U.S., German, and Canadian authorities have dismantled the command-and-control infrastructure behind four of the world’s largest DDoS botnets — Aisuru, KimWolf, JackSkid, and Mossad — in a coordinated international law enforcement operation targeting virtual servers, internet domains, and related infrastructure.
Together, the four botnets had infected more than three million IoT devices, including web cameras, digital video recorders, and WiFi routers, many inside the United States. The operators rented access to other criminals under a cybercrime-as-a-service model, with victims incurring tens of thousands of dollars in losses and remediation costs. In some cases, according to Akamai — one of the private sector partners in the action — attackers demanded extortion payments.
The scale of the attack traffic was extraordinary. According to the announcement, Aisuru alone issued more than 200,000 DDoS attack commands. JackSkid launched more than 90,000, KimWolf more than 25,000, and Mossad more than 1,000. Targets included IP addresses belonging to the Department of Defense Information Network (DoDIN).
Aisuru had set back-to-back DDoS records in the months before the takedown. In December, an attack attributed to it peaked at 31.4 Tbps and 200 million requests per second, primarily targeting telecommunications companies. A prior campaign reached 29.7 Tbps, and a November incident originating from 500,000 IP addresses — which Microsoft attributed to the same botnet — peaked at 15.72 Tbps.
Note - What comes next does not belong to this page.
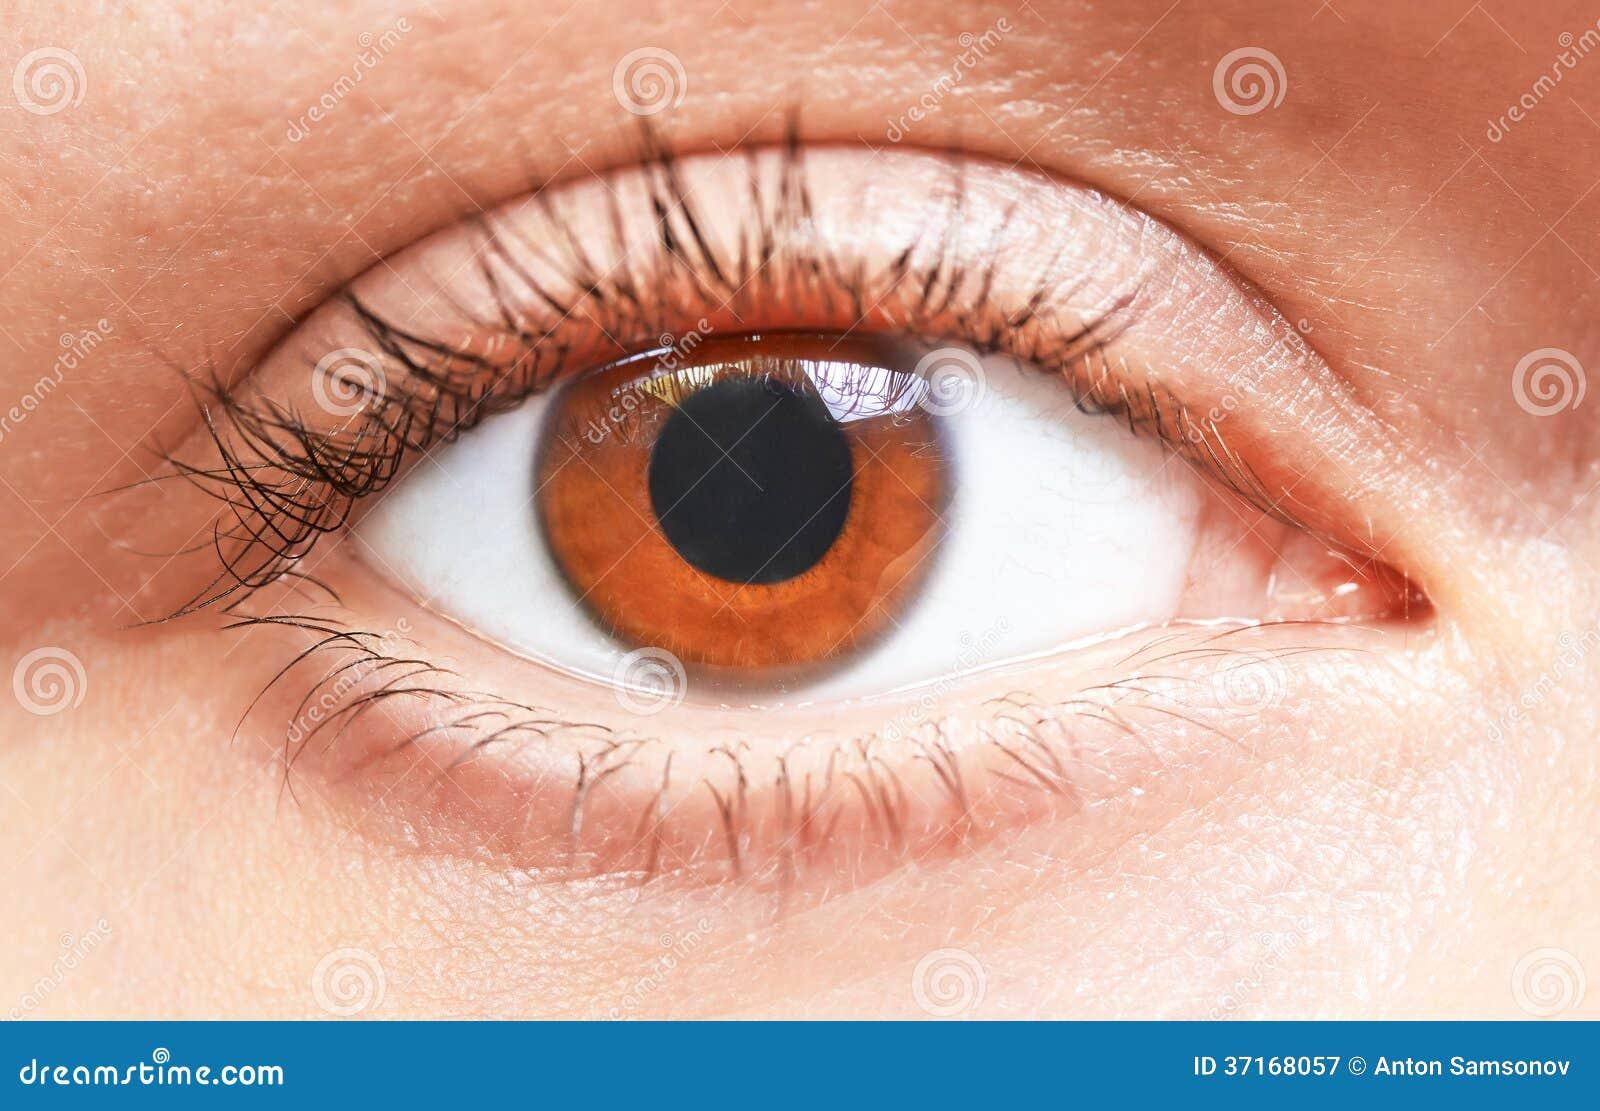 Brown Eyes Girl Stock Image. Image Of Female Healthy - 37168057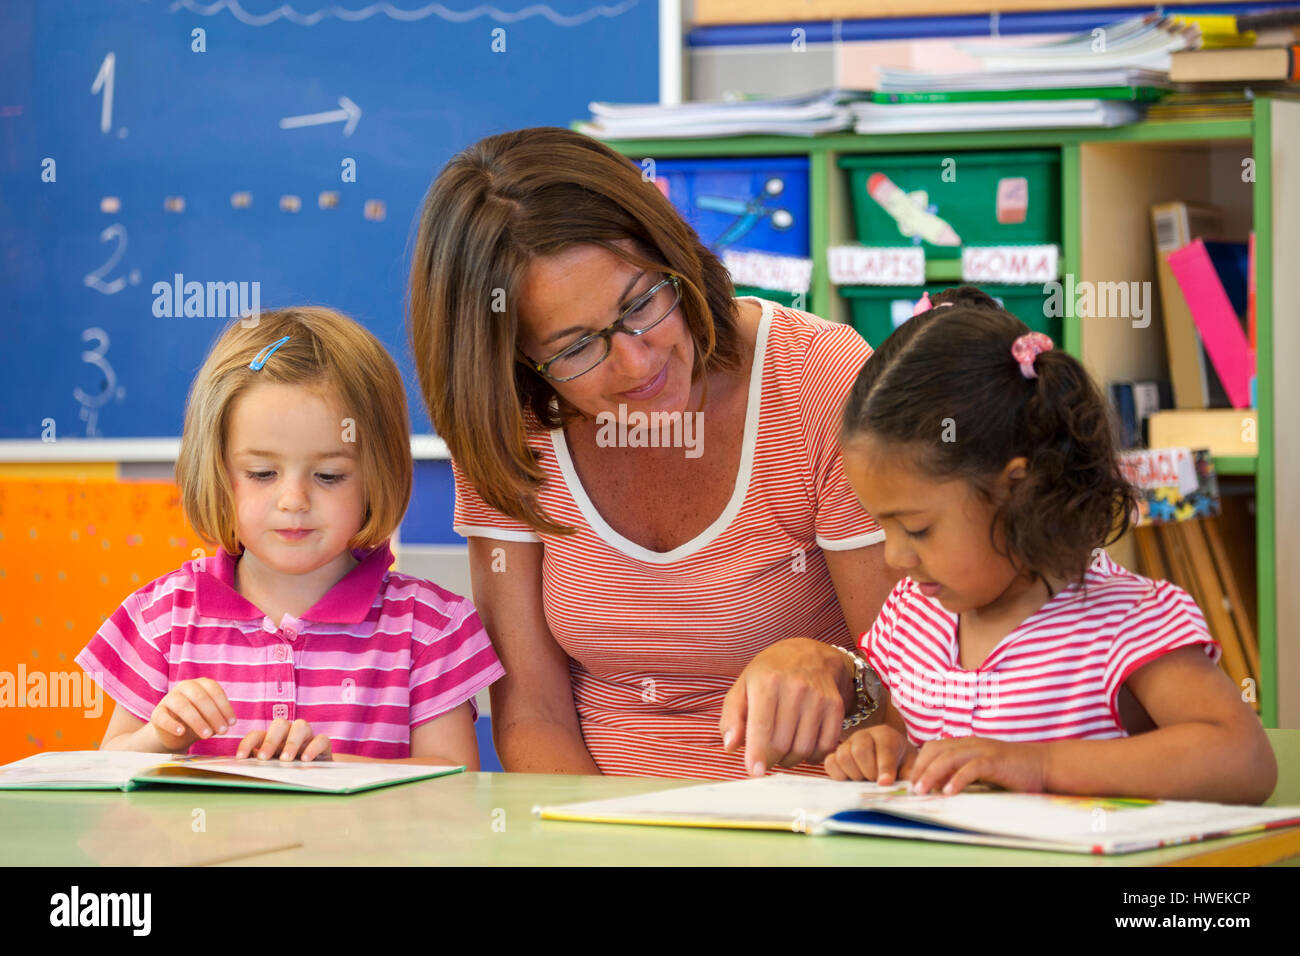 Preschool girls and teacher reading storybook in classroom - Stock Image

Justice Department Details Scope
The U.S. Justice Department said the operation was designed to cut off botnet communications, prevent further device infections, and limit or eliminate the botnets’ capacity to launch future attacks. “This operation, in coordination with other international law enforcement actions, is intended to disrupt communications associated with the Aisuru, KimWolf, JackSkid, and Mossad botnets, preventing further infection to victim devices and limiting or eliminating the ability of the botnets to launch future attack,” the department said in its statement.
Akamai warned that the threat posed by infrastructure of this kind extends beyond individual victims. “These attacks can cripple core internet infrastructure, cause significant service degradation for ISPs and their downstream customers, and even overwhelm high-capacity cloud-based mitigation services,” the firm said.
More Read
How the Botnets Operated
The botnets primarily recruited IoT devices — consumer hardware with weak or default security configurations — and aggregated them into attack platforms available for hire. Cybercriminals purchasing access could direct hundreds of thousands of attack commands at targets of their choosing, generating traffic volumes capable of overwhelming even enterprise-grade defenses.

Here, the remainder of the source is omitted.